On June 2nd, a change of appointment saw Chief Petty Officer 1st Class (CPO1) Thomas Lizotte assume the role of Command Chief of the RCN from CPO1 David Steeves, who will retire after 33 years of service.
32 Years of Service
VAdm. Topshee’s 32 years of service in the Royal Canadian Navy has been a combination of sea-going appointments and staff officer positions. He started out his career in the RCN after joining the Royal Military College of Canada. He was awarded the Canada Memorial Scholarship upon graduation. He then went on to complete a Master of Literature in Strategic Studies from the University of Aberdeen in Scotland.
He joined Her Majesty’s Canadian Ship (HMCS) Winnipeg, his first ship, in 1997 and went on to serve in many capacities aboard various ships, including HMCS St. John’s and HMCS Toronto.
He served in the roles of Navigating Officer, Operations Officer, Combat Officer, and Executive Officer. In 2009, VAdm. Topshee was posted to the Directorate of Maritime Strategy at National Defence Headquarters in Ottawa and thereafter returned to sea as the Commanding Officer of HMCS Algonquin.
In 2010, the new RCN commander deployed to the NATO Training Mission – Afghanistan (NTM-A), where he spent a year based in Kabul as the Director of Afghan National Police Training Operations.
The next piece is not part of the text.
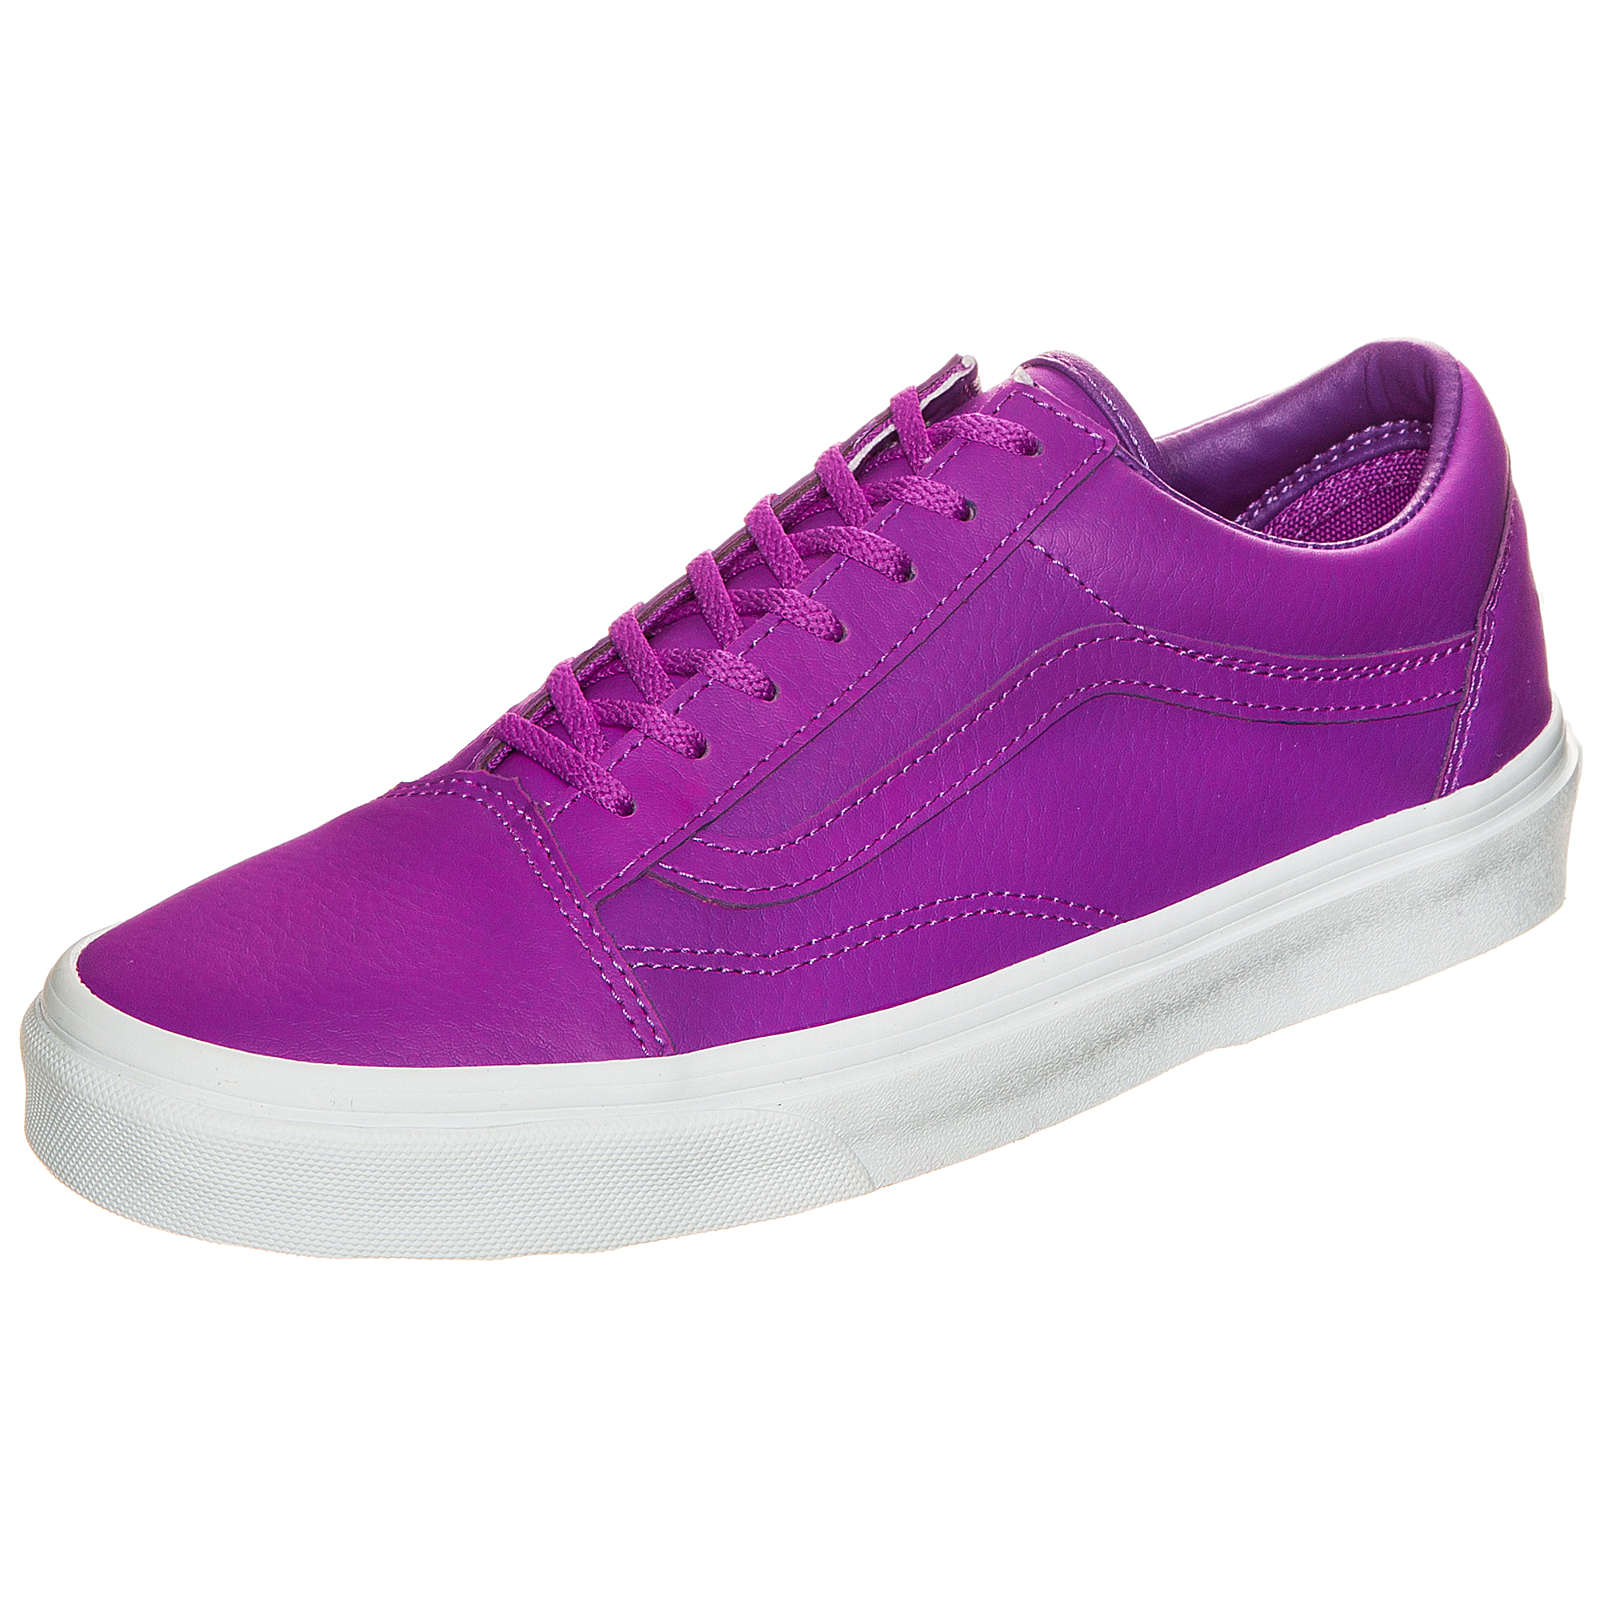 Vans Old Skool Sneaker lila Damen Gr. 37 zum Shop

Following his deployment, VAdm. Topshee served in several high-ranking positions, including:
- Base Commander of Canadian Base Halifax between 2012-2015
- Deputy Director of the Strategy, Policy and Plans Directorate NORAD and USNORTHCOM at Peterson Air Force Base, Colorado
- Commander Canadian Fleet Pacific
- Commander Maritime Forces Pacific and Joint Force Pacific.
“I am pleased to mark the change of command of the Royal Canadian Navy (RCN) between Vice-Admiral (VAdm) Craig Baines, whom I thank for maintaining the watch over the RCN since January 2021, and VAdm Angus Topshee. Through his 32 years of service, VAdm Topshee has worked tirelessly to affect change with his attention to detail and work ethic. In his new role as CRCN, VAdm Topshee will ensure the RCN continues to modernize and deliver operational excellence around the world, while pursuing the important work of making our Navy more inclusive for all our sailors,” said Gen. Wayne Eyre, Chief of the Defence Staff who presided over the change of command ceremony.
About the RCN
According to the Department of National Defence (DND), the Royal Canadian Navy (RCN) is Canada’s naval force consisting of approximately 12,570 Regular Force and 4,111 Reserve sailors, supported by around 3,800 civilian employees.
The mission of the Royal Canadian Navy is to generate combat-capable, multipurpose maritime forces that support Canada’s efforts to participate in security operations anywhere in the world as part of an integrated Canadian Armed Forces.
The Royal Canadian Navy fleet, divided between the Atlantic (Halifax, N.S.) and Pacific (Esquimalt, B.C.) coasts, is composed of 28 warships, submarines, and coastal defence vessels, plus many more auxiliary and support vessels.
True to its motto, “Ready, Aye, Ready,” the sailors of the Royal Canadian Navy stand always ready to defend Canada and proudly safeguard its interests and values, whether at home or abroad.